As for the accompanying subject of original sin that comes with the whole “Adam and Fallen Man” discussion, I’ve extensively discussed my thoughts on that in a previous post in this series dealing with the subject “Everlasting Punishment”, so I won’t repeat myself here. The whole idea of “original sin” comes straight from the Adam and Eve story (from whence the name of this Bible Lesson subject comes). The idea comes from the part of the story where Adam eats an apple which Eve gives him from the Tree of Knowledge. From that basis, Adam and all of his progeny (all of us) are created as sinners and that thousands of years later Jesus died on the cross for our sins. This is a bedrock faith of most Christians. Christian Scientists are more nuanced on this subject, going with Eddy’s view that the “…belief in sin is punished so long as the belief lasts.” (Science and Health with Key to the Scriptures, p. 497) Discussions and Bible citation references between this Lesson subject and “Everlasting Punishment” tend to overlap, as do some of the other subjects–there is only so much ground out there to cover, after all.

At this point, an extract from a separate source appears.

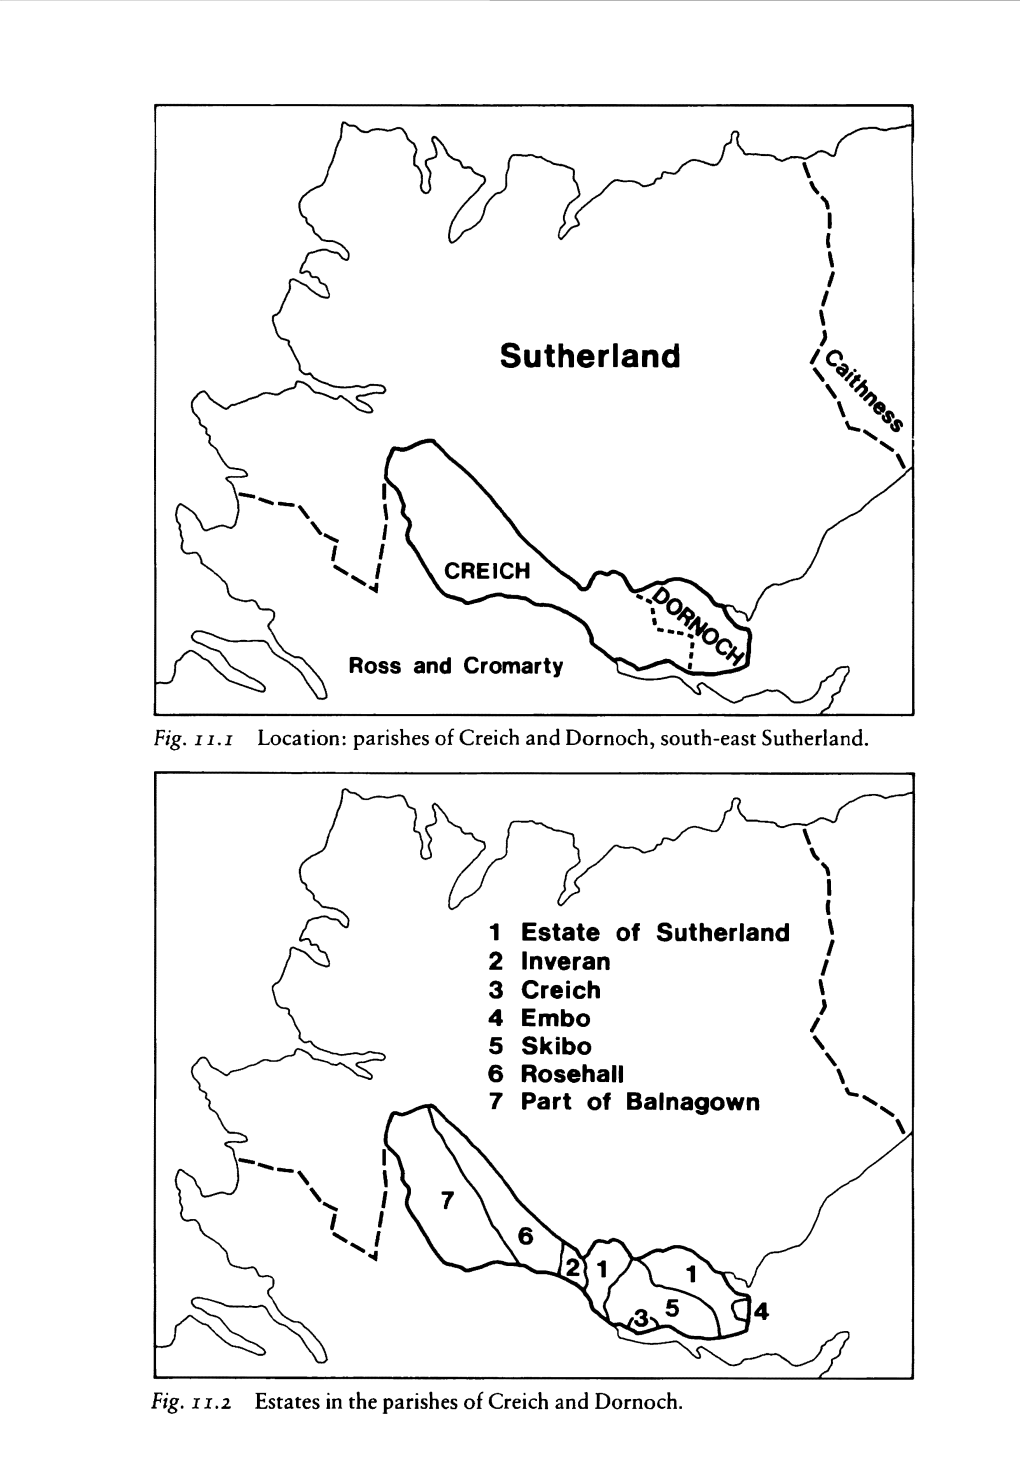 The Clearances in South-East Sutherland

This particular Bible Lesson subject is one that definitely gives an interesting overview of the Christian Science perspective on a touchy subject–creation and original sin. For me, the Christian Science view on creation and original sin is a vestige that has, to some degree, stayed with me. I believe that sin, if you want to call it that, will punish you–I need look no further than the people I know who deal with addictions. I believe the first account of creation in Genesis is maybe an ancient take on the Big Bang theory, and the second is a fanciful ancient tribal legend that too many people take as fact.